Results: Overall, after treatment the two groups were similar in terms of respiratory symptoms (i.e., cough, dyspnea), daily sputum volume, sputum bacillary content, or pulmonary physical exam findings. In fact, some of the sanocrysin patients became worse. In the sanocrysin-treated group, 7/12 developed rash, 9/12 developed conjunctivitis, and 11/12 had anorexia, nausea, vomiting, and diarrhea. Additionally, all 12 of the sanocrysin-treated patients showed evidence of acute tubular necrosis and albuminuria. None of the placebo-treated patients had gastrointestinal symptoms or renal dysfunction. One patient given sanocrysin died of acute liver failure thought to be related to the drug.

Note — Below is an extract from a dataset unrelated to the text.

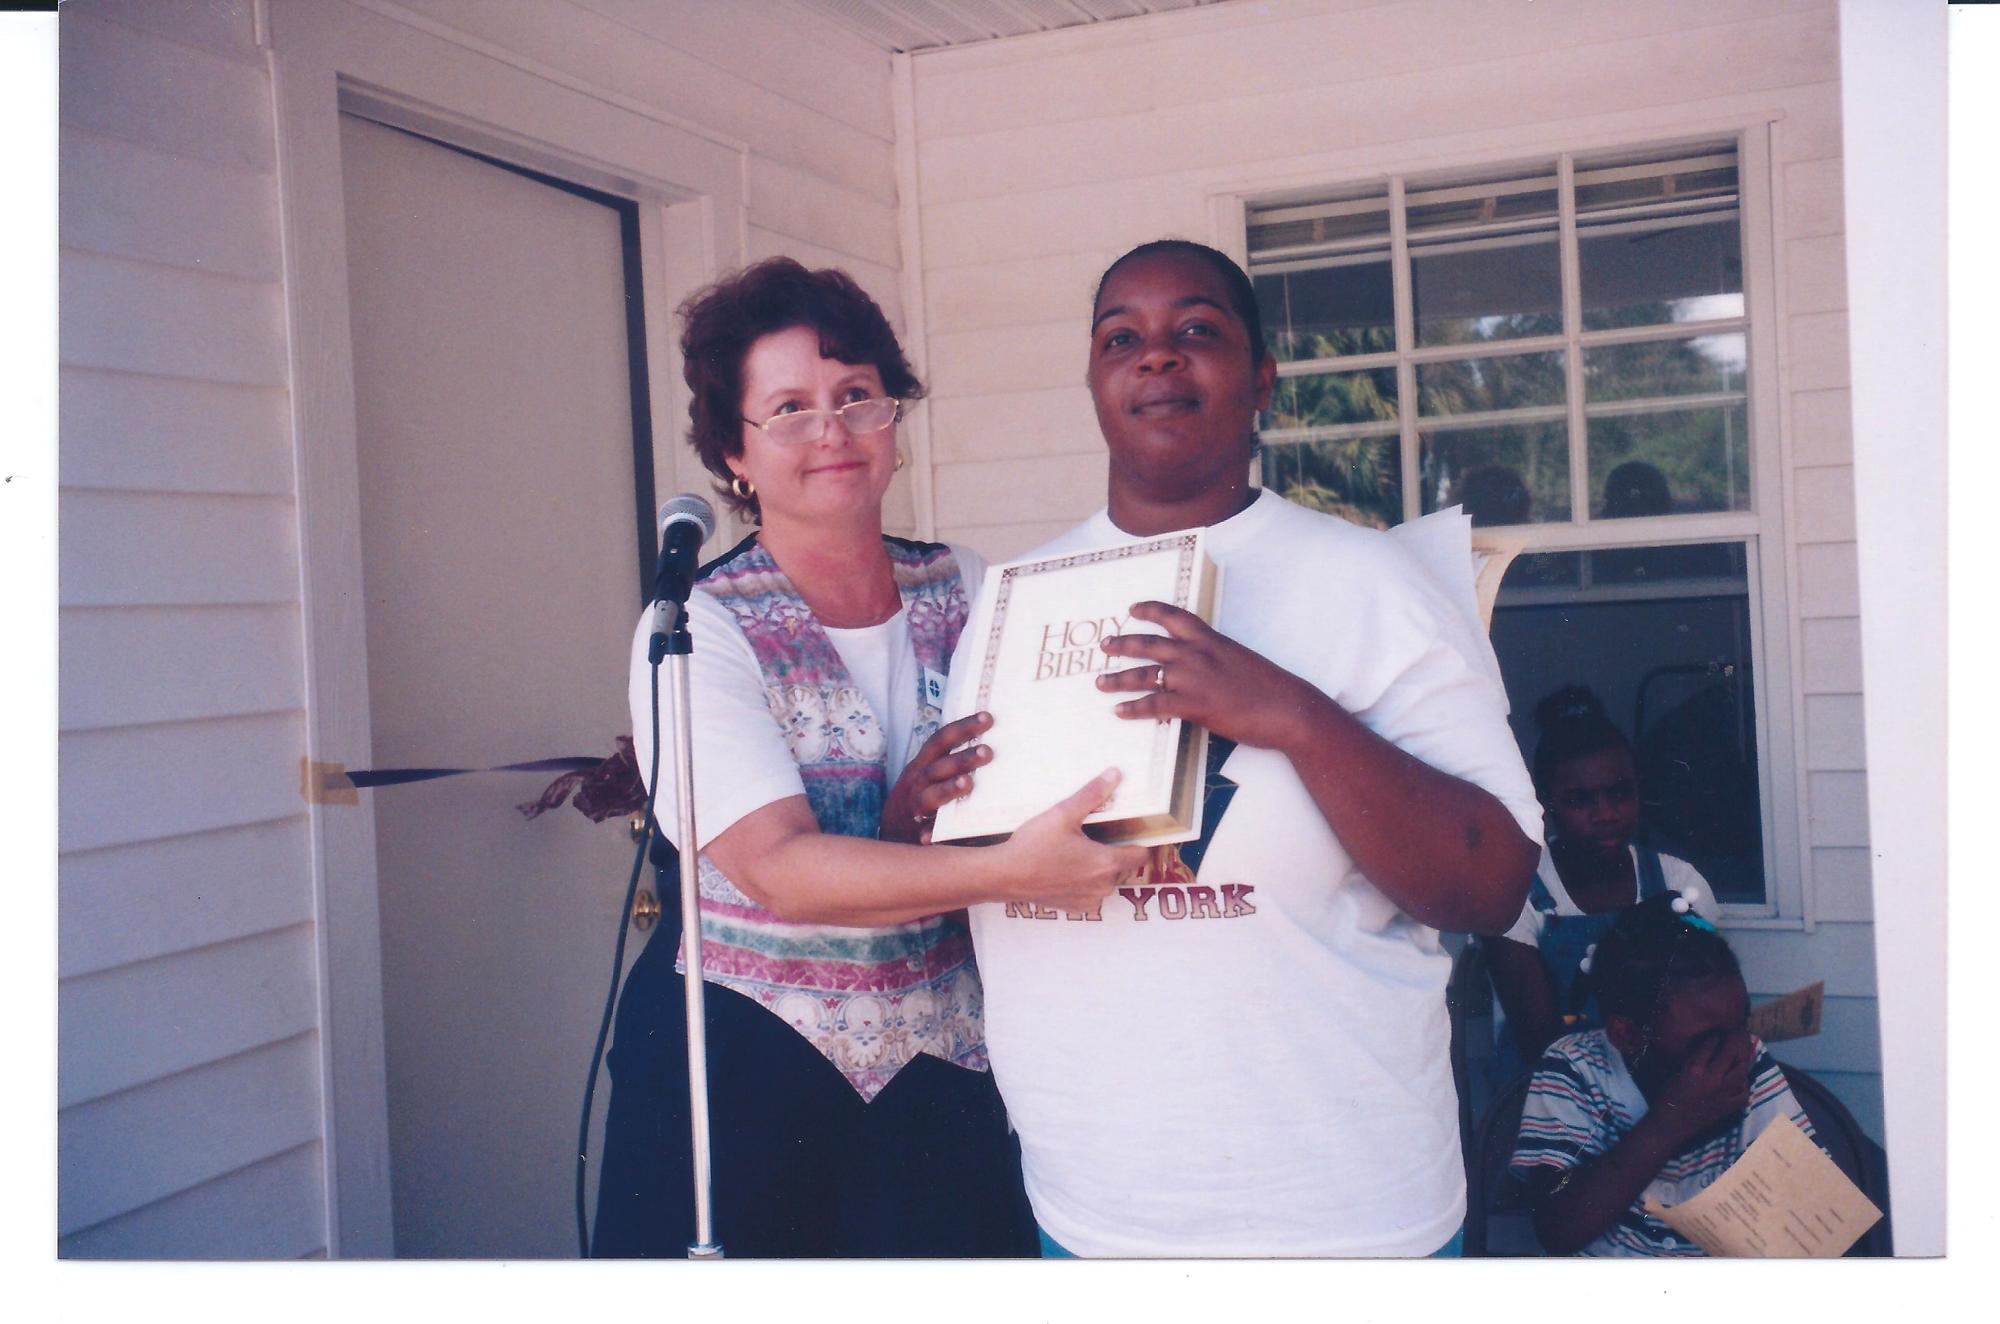 Jackie Reynolds received a Bible from Anne Walding at the ribbon-cutting for her new Habitat home in 1997.

Discussion: In 1924 H. Mollgaard MD, published the results of his study of sanocrysin and claimed the substance has a curative effect on pulmonary tuberculosis. The ingeniously designed clinical trial by Amberson and colleagues takes the first step in debunking this claim. Sanocrysin showed no clinical or laboratory benefit over placebo in the treatment of pulmonary tuberculosis but had incredibly high rates of toxicity, likely from heavy metal poisoning, and probably lead to one patient death. The authors state that because of the lack of definite evidence of benefit and clear evidence of harm, the use of sanocrysin is not justified.

Prior to the 1930s and 1940s, new treatments in medicine were judged to be effective if a single physician reported success in a case series without any control group. This landmark paper published in 1931 was one of the first to attempt to randomize patients to treatment versus placebo. Patients were matched individually and placed into two groups and, amazingly, these groups were randomized through the use of a coin toss.

Clearly, the study is limited in that matching subjects exactly is impossible and because the study was small. Yet, the striking rate of toxic side effects in the sanocrysin group argued strongly against its routine use. This paper didn’t do much to change the management of tuberculosis, but it attempted to remove selection bias and randomness in outcomes in clinical trials, taking one of the first steps toward modern evidence-based medicine.